The plethora of signals that activate the ERK pathway and its numerous substrates suggest that the fine control of the spatiotemporal regulation of ERK activity is critical for determining opposite cell fates.20 Activation of cytoplasmatic ERK 1/2 through its phosphorylation leads to nuclear translocation thus allowing the interaction with specific nuclear substrates and the induction of specific programs of gene expression. The regulation of ERK nucleo-cytoplasmic trafficking modulates the transfer efficiency of the signaling carried by activated ERK to the cell.20 Accumulating evidences show that nuclear relocalization of active ERK is impaired in senescent human fibroblasts, and that this dysregulation may account for the irreversible proliferative arrest of senescent cells.20 The impaired nuclear localization of active ERK and the loss of proliferative potential have been proposed to originate from either impaired nuclear import or from ERK inactivation. This interpretation is supported by the high activity of the nuclear ERK phosphatase MKP2/DUSP4 in senescent cells.21

Our results also attest a dysregulation of active ERK localization in stem cell senescence program, as a lower amount of nuclear versus cytoplasmic pERK is revealed in senescent MSC together with a decrease of nuclear pERK in P10 versus P1 MSC (Figure 5c). This finding strongly supports previous studies and further delineates an unexpected complexity of ERK signaling mechanisms in cellular senescence.20 Indeed, we might envisage a scenario in which the nuclear/cytosolic localization of active ERK may be related to the MSC senescent phenotype as previously demonstrated for human fibroblasts.

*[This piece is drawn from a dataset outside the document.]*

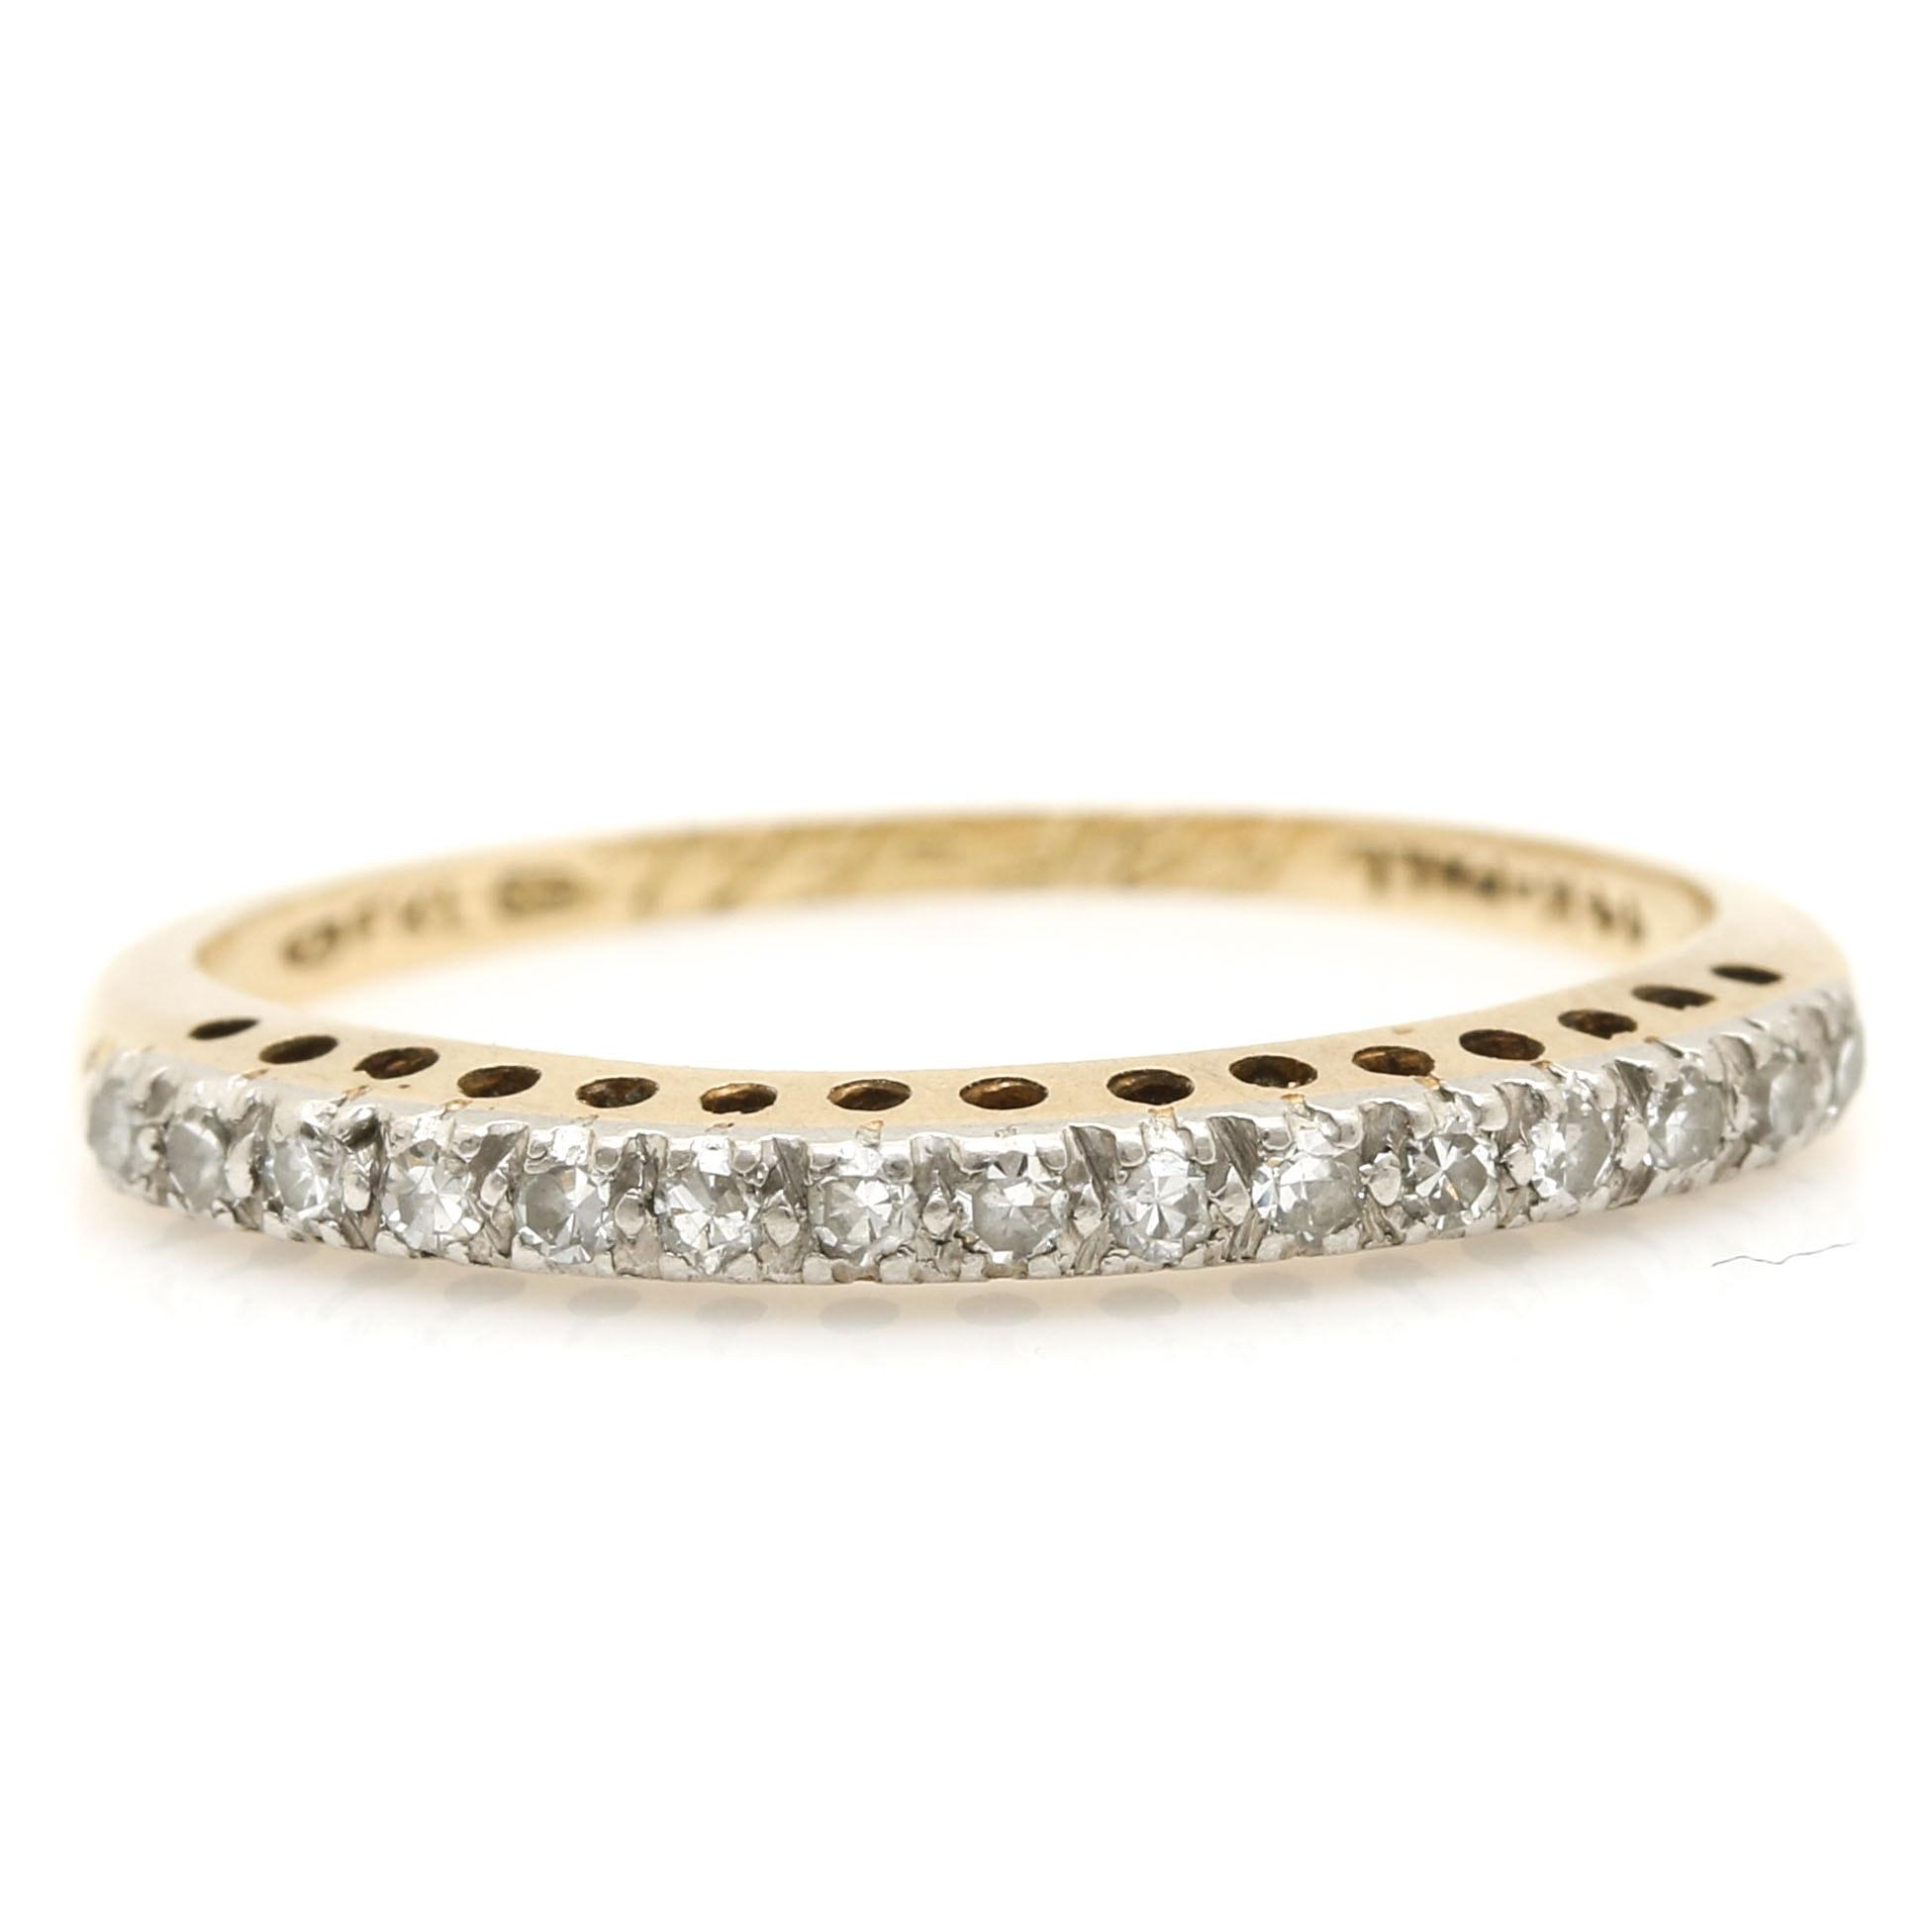 14K Yellow Gold and Palladium Diamond Ring

Although more extensive studies are needed to expand our knowledge on the mechanisms underpinning the impaired ERK nucleo-cytoplasmic trafficking in stem cells, we also believe that our results pave the way to further investigations aiming to modify, in the near future, the current in vitro MSC expansion protocols for therapeutic purposes, thereby preventing or reducing the occurrence of negative senescence-related effects, and to better understand the complex process of senescence and aging in stem cells.